Voege not only shows how LLM-assisted coding cannot make everything in software development 10x faster, but he also dares to voice something amazing that I’ve been too timid to say too loud: it’s OK to go a little slower if it helps you enjoy what you’re doing:

It's okay to sacrifice some productivity to make work enjoyable. More than okay, it's essential in our field. If you force yourself to work in a way you hate, you're just going to burn out. Only so much of coding is writing code, the rest is solving problems, doing system design, reasoning about abstractions, and interfacing with other humans. You are better at all those things when you feel good. It's okay to feel pride in your work and appreciate the craft. Over the long term your codebase will benefit from it.

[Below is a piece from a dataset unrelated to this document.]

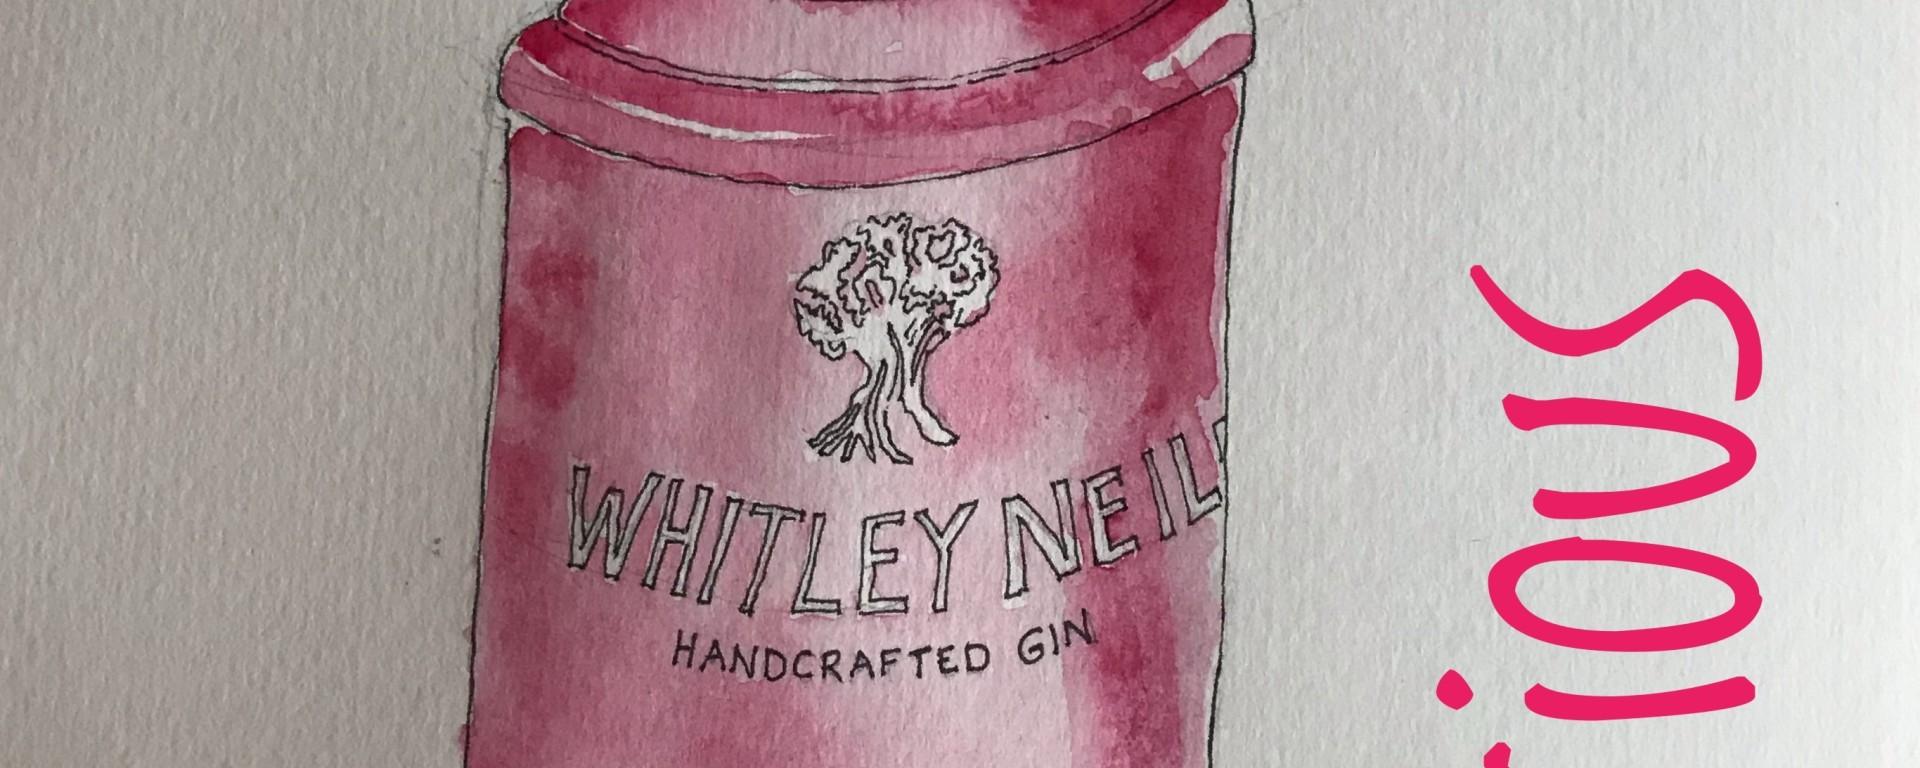 whitley-neill-gin

I needed someone to voice this. I know we all have bosses and deadlines and stakeholders and end users demanding products to be shipped as quickly as possible. But it's also a valuable truism that sometimes to go fast, it's better to slow down—both for the quality of your product’s codebase and for the morale of those working on it. Viewing the posts of hustle culture cultists on LinkedIn will make you afraid to even think this, but there's more to good software than delivering things quickly.

LLMs aren't going anywhere, and I doubt the hype around them will either. I'm sure I will continue to feel frustration and inadequacy over the rhetoric, but I'm very grateful to know that I can find some solidarity with others who feel similarly. I don't know the future, maybe some day I'll have an LLM agent churning out PRs to do all my work, and I'll just be an AI babysitter (or out on the street). But I'm glad that day hasn't come yet (and, with luck, it never will!). I may not have become 10x more productive with LLMs, but I'm a better engineer today than I was six months ago. And I expect that if I can maintain my interest in software without getting burned out, I'll be able to say the same thing six months from now.